A análise estatística

Todas as análises estatísticas foram realizadas na versão 2.14.2 R [25] . Teste de Wilcoxon foi utilizado para determinar a significância estatística de metabólitos diferenças médias entre grupos de comparação. Para todas as análises, os valores em falta (se houver) foram imputados com o mínimo observado para esse composto particular (valores imputados foram adicionados após o bloqueio-normalização). As análises estatísticas foram realizadas em dados transformados em logaritmos naturais para reduzir o efeito de quaisquer potenciais valores extremos nos dados.
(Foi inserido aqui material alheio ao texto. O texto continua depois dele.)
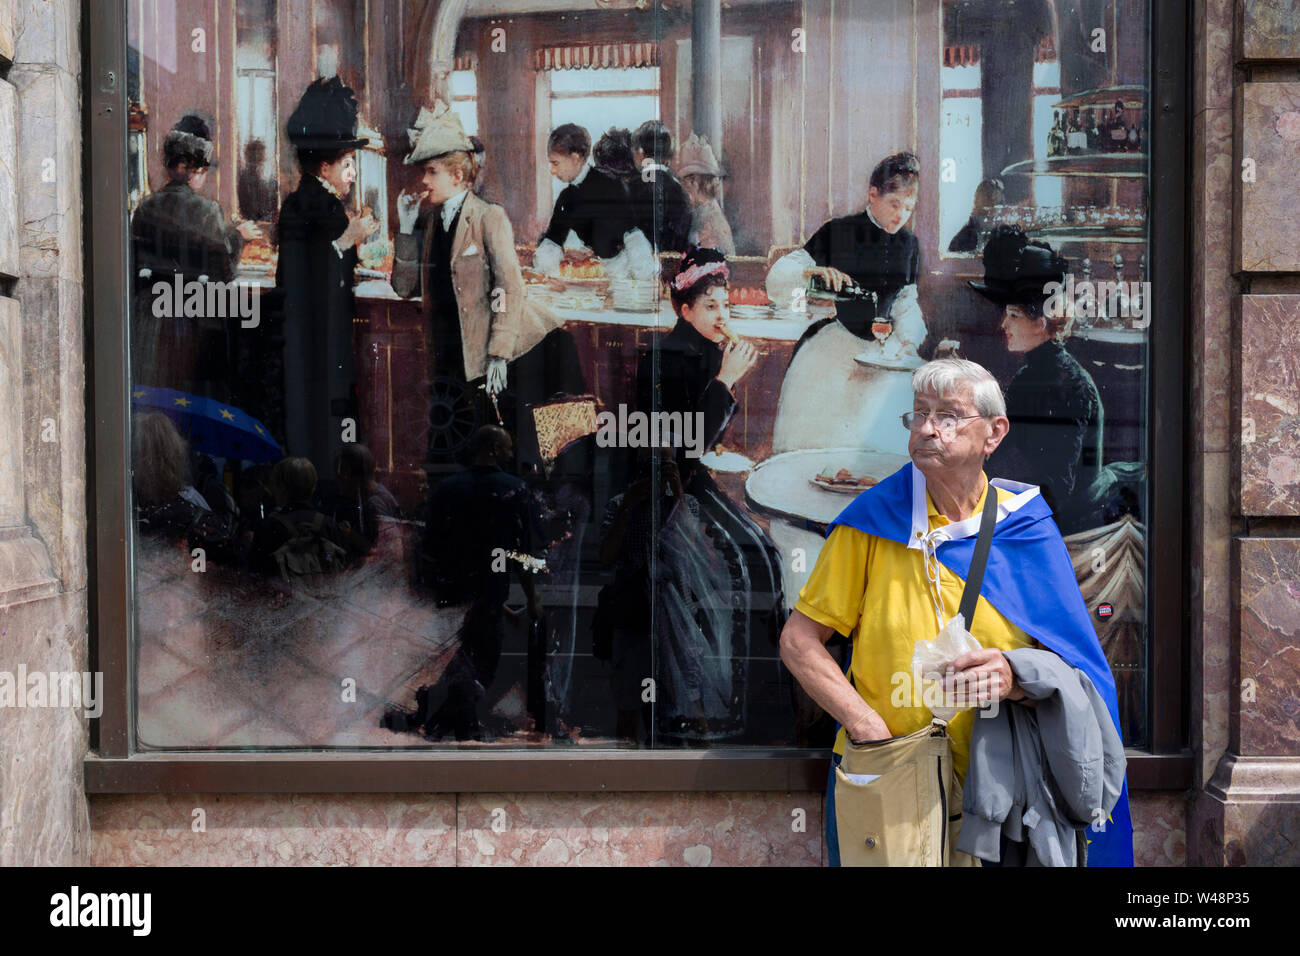 A Brexit protester stops for lunch next to a reproduction of La Patisserie Gloppe by Jean Beraud. Days before the new leader of the Conservative Party and next Prime Minister of the UK is elected by its members (and expected to be Boris Johnson), the last weekend of Theresa May's unsuccessful Brexit from the European Union saw a March for Change protest with pro-EU Remainers marching through the capital demanding an end to Brexit and a No to a Johnson PM, on 20th July 2019, in London, England. Stock Photo

Além disso, os dados foram normalizados para provar a osmolalidade para compensar as diferenças na concentração de urina. floresta aleatória é uma técnica de classificação supervisionada com base em um conjunto de árvores de decisão [26] e foi realizada em R versão 2.14.2. agrupamento hierárquico de cancro da bexiga e perfis abundância de urina de controle foi realizada em ArrayStudio versão 5.0 utilizando ligação completa e de correlação de Pearson como a métrica de similaridade (OmicSoft, Raleigh, NC). Cálculos da AUC e curvas ROC foram realizadas com o pacote PROC em R [27]. O algoritmo de multi-bioquímica, usadas para gerar as AUCs e curvas ROC, foi treinado e testado a partir de dados que foi escalonados de modo que as medianas dos dois a coorte-1 e coorte-2 negativos foram iguais a 1. A adaptação permite o teste em um algoritmo escala adequada para os coeficientes embutidos derivados do conjunto de treinamento.

resultados

populações Assunto

profiling urina metabólica foi realizada em duas coortes de assunto. Coorte 1 foi utilizado como uma identificação exploratória /biomarcador definido para identificar compostos bioquímicos cujos níveis foram diferentes nas urinas de urinas de cancro da bexiga relativamente aos níveis de controlo nas urinas. Coorte 2 foi utilizada como uma segunda descoberta definir e para testar o valor preditivo dos biomarcadores candidatos seleccionados a partir do conjunto de dados coorte 1, mas desde coorte 2 amostras foram analisadas sobre uma plataforma de espectrometria de massa mais sensível, metabolitos que somente foram medidos na coorte 2 As amostras também foram de interesse. Coorte 1 foi um conjunto de amostras de urina coletadas retrospectiva da Universidade do Texas Southwestern, enquanto coorte 2 amostras foram coletadas prospectivamente na mesma instituição. Um resumo dos dados demográficos do paciente para os duas coortes é apresentado na Tabela 1. Os grupos 1 66 urinas composta dos indivíduos diagnosticados com BCa e 266 controlos não-BCa. Urinas em coorte 1 foram coletadas de indivíduos com qualquer doença primária ou recorrente. Algumas diferenças nas composições globais de gênero e raça estavam presentes em coorte 1. controles não-CBE no coorte 1 podem ser subdivididos em três populações: 1) indivíduos que apresentaram hematúria; 2) indivíduos com uma história de BCa, mas nenhuma doença atual e 3) indivíduos normais, sem histórico de BCa. Coorte 2 foi composto por 29 urinas de indivíduos diagnosticados com BCa e 79 controles não-BCa. Como na coorte 1, houve algumas diferenças de gênero e equilíbrio racial entre o BCa e controles não-BCa. Coortes 2 urinas foram obtidas de indivíduos com doença quer primária ou recorrente em uma proporção idêntica à do grupo 1 (59% de repetição: 41% primária). Também digno de nota-se uma diferença de coorte na percentagem de alto grau vs. tumores BCa de baixo grau, com coorte 1 que tem uma percentagem muito maior de BCa alto grau (79%) do que coorte 2 (59%).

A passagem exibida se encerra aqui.